La première critique de Schapiro porte sur l'affirmation de Freud selon laquelle le thème iconographique de la Sainte Anne trinitaire aurait été très rare à l'époque de Léonard de Vinci[209] : au contraire, rétorque-t-il, il s'agissait d'un thème alors très couramment représenté en sculpture comme en peinture[210],[211].

 
Reprise du schéma proposé par Freud du « vautour » dont la queue touche la bouche de l'enfant.

Freud tire le titre de son exposé de l'analyse qu'il fait de l'unique souvenir d'enfance décrit par le peintre dans ses notes : un « vautour » lui aurait caressé la bouche avec sa queue alors qu'il se trouvait dans son berceau[N 15], ce qui signifierait un fantasme de fellation relevant d'un fantasme homosexuel passif[206],[N 16]. Dans la deuxième édition de son essai, Freud appuie sa thèse sur la découverte en 1913, par son élève Oskar Pfister, de ce qu'il nomme une « image-devinette » située sur le tableau du Louvre[216],[208] : « Dans les vêtements de Marie, singulièrement enroulés et difficiles à saisir, [Oscar Pfister] a décelé les contours du vautour et il y fait allusion comme à une image-devinette inconsciente. Sur le tableau, qui représente la mère de l'artiste, se voit en effet très clairement le vautour […]. On voit la tête du vautour, si caractéristique, le cou, l’arc aigu de l’attache du tronc, tout cela dans le manteau bleu qui, s'enroulant sur la hanche de la femme au premier plan, s’étend ensuite dans la direction de son genou droit. […] Si nous suivons le manteau, qui se détache si nettement sur ce qui l’entoure, depuis le milieu de l’aile, nous remarquons que d’une part, il descend jusqu’au pied de la femme, de l’autre au contraire remonte vers son épaule et vers l'enfant. La première partie représenterait à peu près l'aile et la queue normale du vautour, la seconde, un ventre en pointe et une queue d’oiseau éployée, surtout si l’on tient compte des lignes en forme de rayons, semblables par leurs contours à des plumes. Le bout, à droite, de cette queue est dirigé vers la bouche de l’enfant, c’est-à-dire de Léonard, exactement comme dans son prophétique rêve d’enfance »[217].

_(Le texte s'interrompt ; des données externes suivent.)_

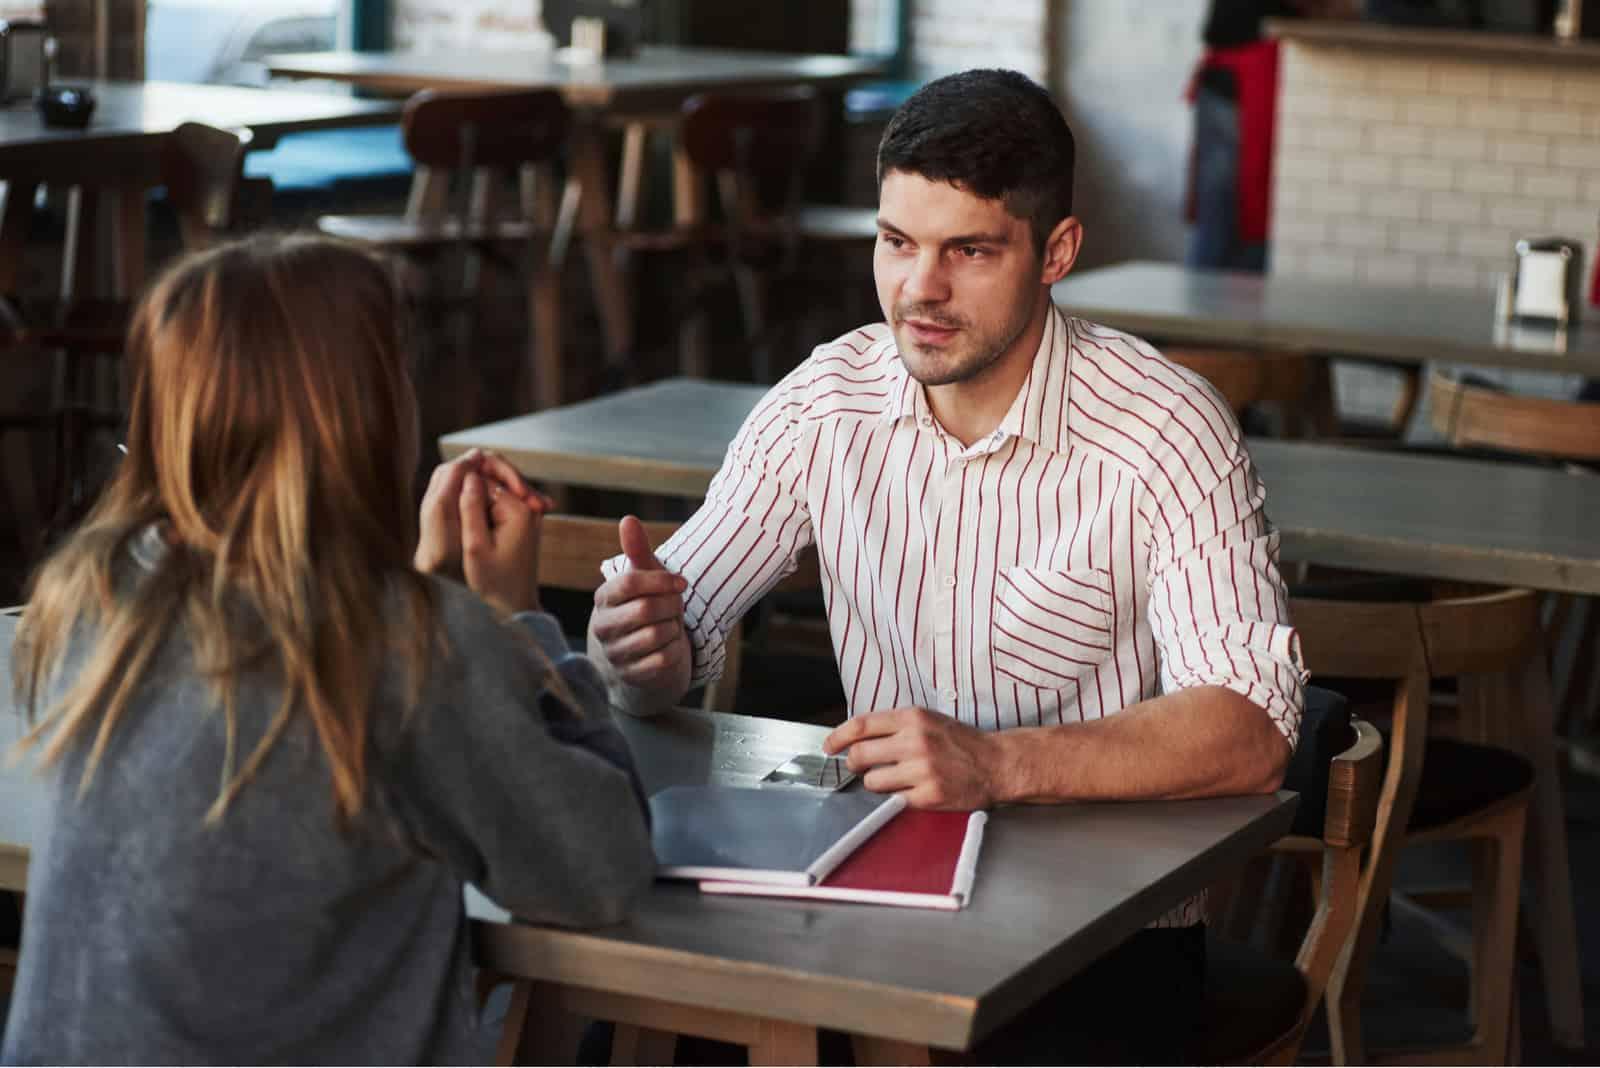 Ein Mann und eine Frau unterhalten sich, während sie sich gegenüber sitzen

Par ailleurs, le psychanalyste ne s'est pas contenté d'évoquer l'homosexualité de Léonard : sa peinture décrirait aussi sa relation intense à sa mère, dont témoignerait le sourire de La Joconde (que Freud qualifie de « léonardesque ») et que confirmerait celui de Marie dans le tableau Sainte Anne, la Vierge et l'Enfant Jésus jouant avec un agneau[218]. Or selon Meyer Schapiro, Freud commet ici une erreur historique en considérant que La Joconde précède Sainte Anne, la Vierge et l'Enfant Jésus jouant avec un agneau alors que c'est précisément l'inverse[219] ; de même, le sourire que Freud trouve à la Vierge n'apparaît pas de façon forcément évidente, et, surtout, serait artistiquement explicable comme un topos visuel qui existait déjà plusieurs décennies avant Léonard dans les œuvres de Donatello et Desiderio da Settignano[220]. En outre, pour Freud, le tableau de la sainte Anne constituerait la représentation des deux mères qu'a eues le peintre dans son enfance : sa vraie mère Catalina qui l’éleva durant ses premières années, puis la nouvelle femme de son père qui s’occupa de lui par la suite[208] : « Essaie-t-on, dans ce tableau, de délimiter les figures d’Anne et de Marie, écrit-il ainsi, on n’y parvient pas aisément. Elles sont, pourrait-on dire, aussi confondues que des figures de rêve mal condensées, de sorte qu’il est parfois difficile de dire où Anne finit et où Marie commence. […] Les deux mères de son enfance devaient se fondre, pour l’artiste, en une seule figure »[221]. Et le fait que les deux femmes aient la même jeunesse s'expliquerait parce que le peintre aurait calqué le visage de sainte Anne sur celui de sa grand-mère Mona Lucia, associée également à sa mère idéalisée[222]. Mais encore une fois, souligne Schapiro, le fait que mère et fille aient le même âge constitue un lieu commun médiéval, traduction d'une idéalisation théologique d'Anne en tant que double de sa fille Marie[223]. Enfin, Freud soulève un dernier point d'analyse sur lequel, cette fois, Schapiro ne s'exprime pas : la forte identification du peintre à son père, « par exemple dans le fait qu['il] ne se souciait pas plus de ses œuvres que son père ne se serait soucié de son fils », donnant pour exemple le fait que le maître florentin aurait laissé inachevé nombre de ses œuvres au premier rang desquelles on trouve Sainte Anne, la Vierge et l'Enfant Jésus jouant avec un agneau[208].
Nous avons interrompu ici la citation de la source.